I weaned off of OxyContin purely by accident. I came down with a cold and took NyQuil, which contains alcohol, not thinking of the danger of mixing the two. I ended up in a coma for eight days and suffered from horrible hallucinations and other signs of drug withdrawal. After I recovered, my pain specialist had me on MSIR (Morphine Sulfate Instant Release), which helped a great deal, but I never had the same pain control as I did with OxyContin.

At one point, when our insurance changed and my pain specialist was no longer a provider, I decided to ask my internist to manage my pain. We tried tramadol first since I had been on it for five years while in Florida, before advancing to OxyContin. It helped for about five months. Then came Percocet, which didn’t really help, and then, finally, Vicodin. I was a little hesitant to try Vicodin; I had read all the stories of people addicted to the drug, especially those in Hollywood who obviously had more generous doctors than mine, who prescribed exactly the amount of Vicodin each month that I required. I recently asked him to increase my monthly amount because I was running out before the end of the month. But this month has been different. I still have a few left and can renew my prescription in a few days. I believe it’s the Savilla that’s helping, along with warm water physical therapy that I do three or four days a week at a local medicenter. I still have the fatigue associated with lupus and fibro, but I’m hoping that will change eventually when I get to the regular daily dose of Savilla.

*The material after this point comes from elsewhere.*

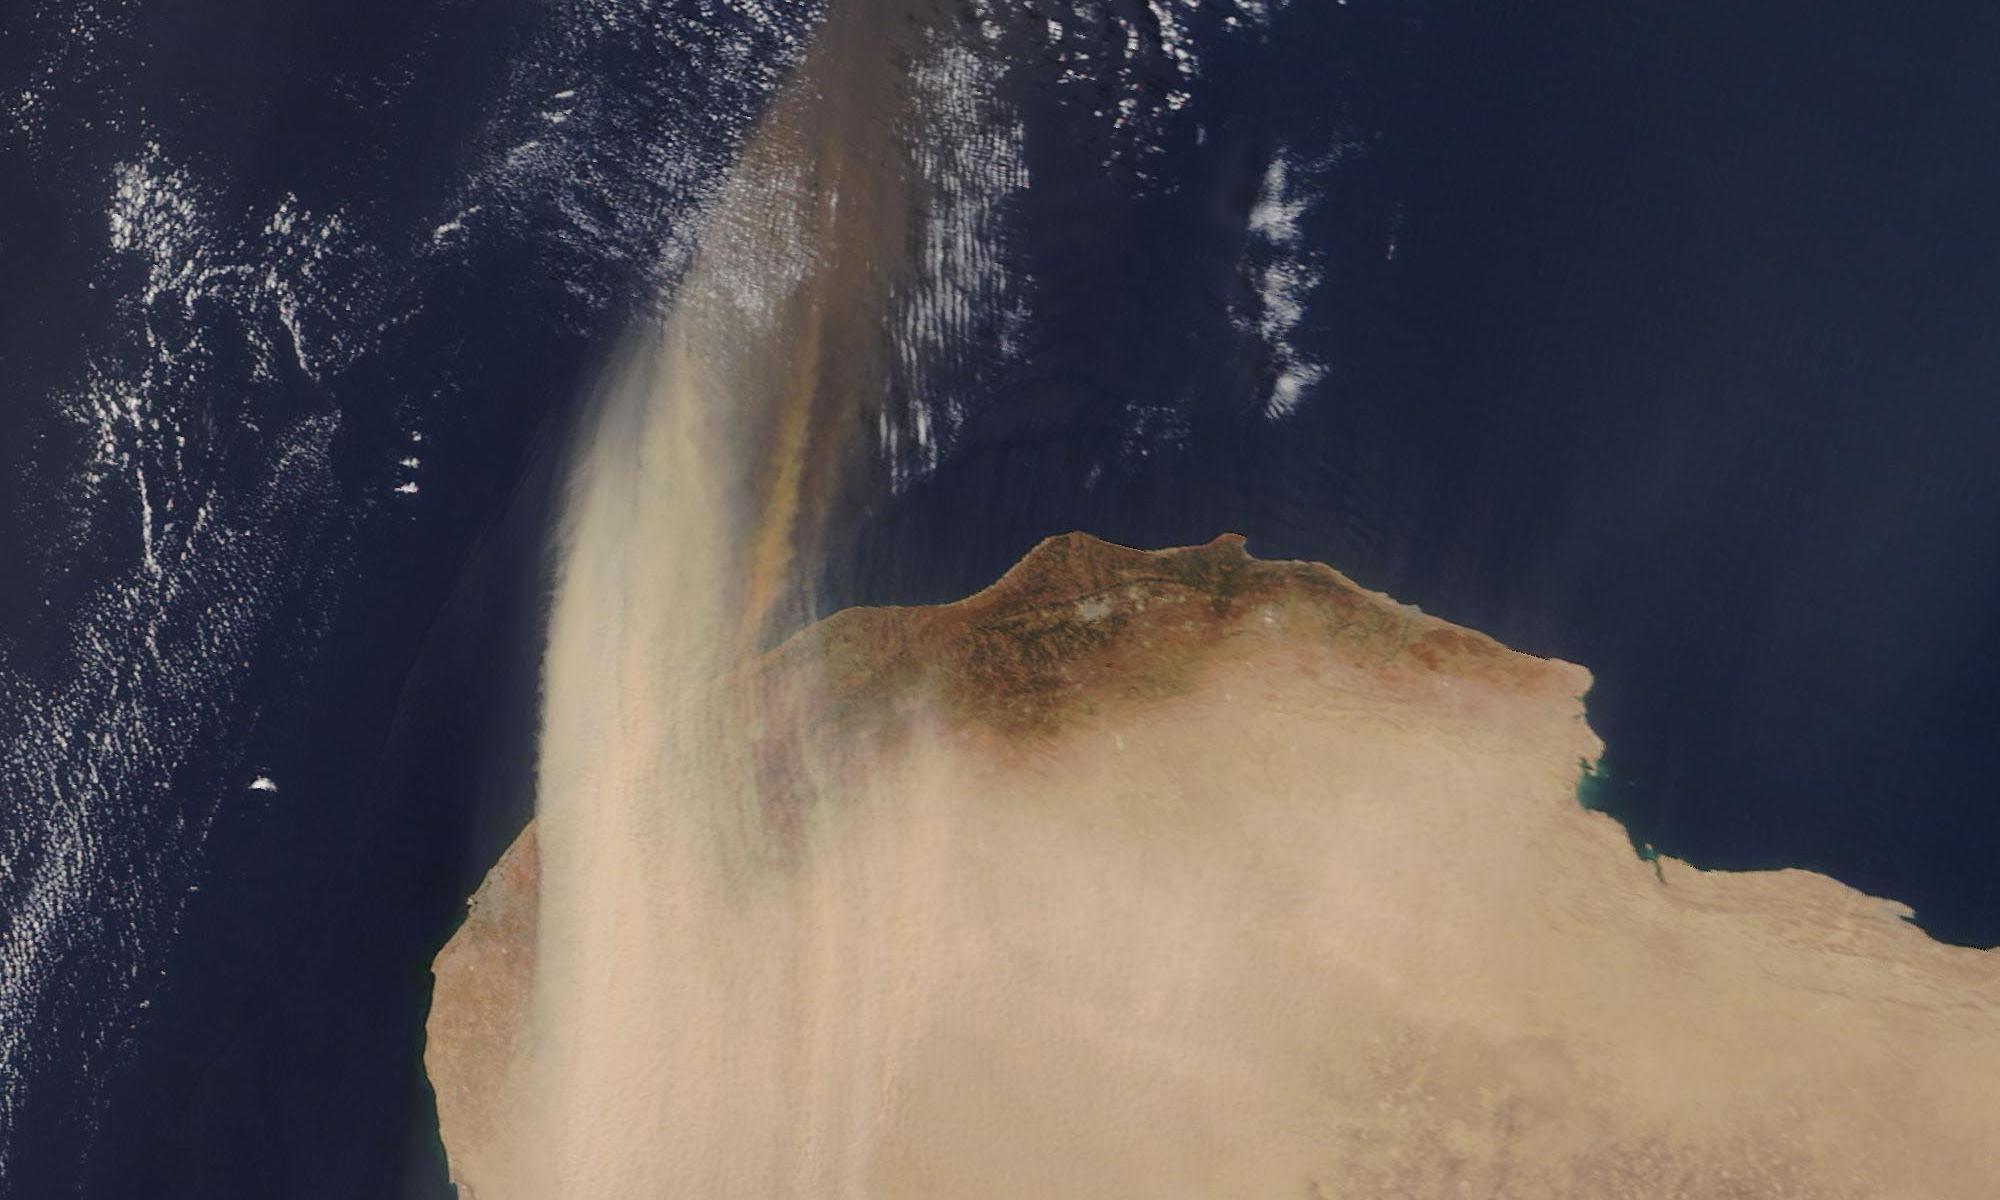 TE Lawrence dust-storm notes enlighten weather crews 100 years on
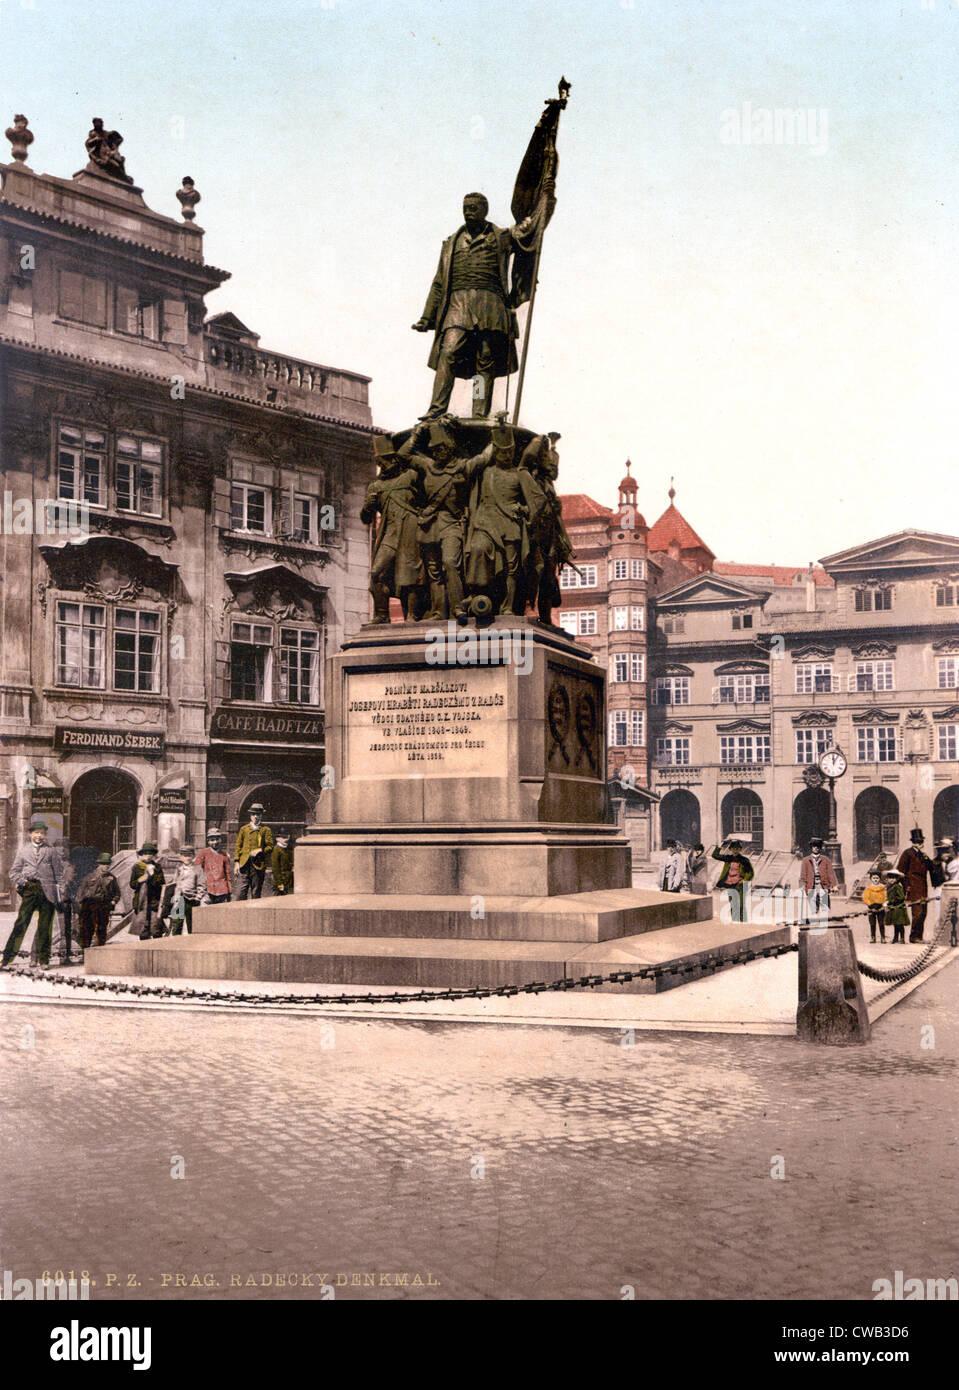 Prague, Joseph Radetzky Memorial, Bohemia, Austro-Hungary, photochrom, circa 1900. - Stock Image

Should Vicodin be stopped by the FDA? I don’t think so. I’m a RN and know the importance of patient teaching. I think some doctors and pharmacists are dropping the ball out there. Everyone who is on a combination drug that includes Tylenol should be very aware of it’s presence. I don’t fault my doctors for my NyQuil/OxyContin incident. It was totally my fault. I should have remembered that NyQuil had alcohol in it. I had taken narcotics for long enough to know not to drink alcohol, and I had taken NyQuil long enough to know that it had alcohol in it. Patients, too, should shoulder some of the responsibility for knowing what they are taking. Anyone with Internet access can go to WebMD and look up their medications. I use MedScape.com as a health care professional. Most pharmacies attach patient information to the medications they are dispensing. They don’t belong in the trash with the bag. The information is important and should be read completely. My internist, knowing I’m an RN, still goes over side effects and possible drug interactions of the new drugs he’s writing prescriptions for. I appreciate the care he gives me, because I know he does the same for all of his patients, medical professionals or not.

So now, I sit, with bated breath, waiting to see what the FDA decides. There are other medications I can take; oxycodone is OxyContin in its pure form and helped me with breakthrough pain when I was on OyxContin. MSIR helped but only if I took twice the prescribed amount. I’m not sure if my internist would be willing to write for twice the dose. Now that my pain is under reasonable control, I fear the thought of being up all night again, in agony because I don’t have enough pain medication. Pain is real. Those that take pain medications for the “high” should be in jail. They make things harder for those of us who really need them. Perhaps the FDA should lobby for stricter laws when it comes to junkies. It would make more sense than taking away the very thing that helps so many people live reasonably normal lives, like me.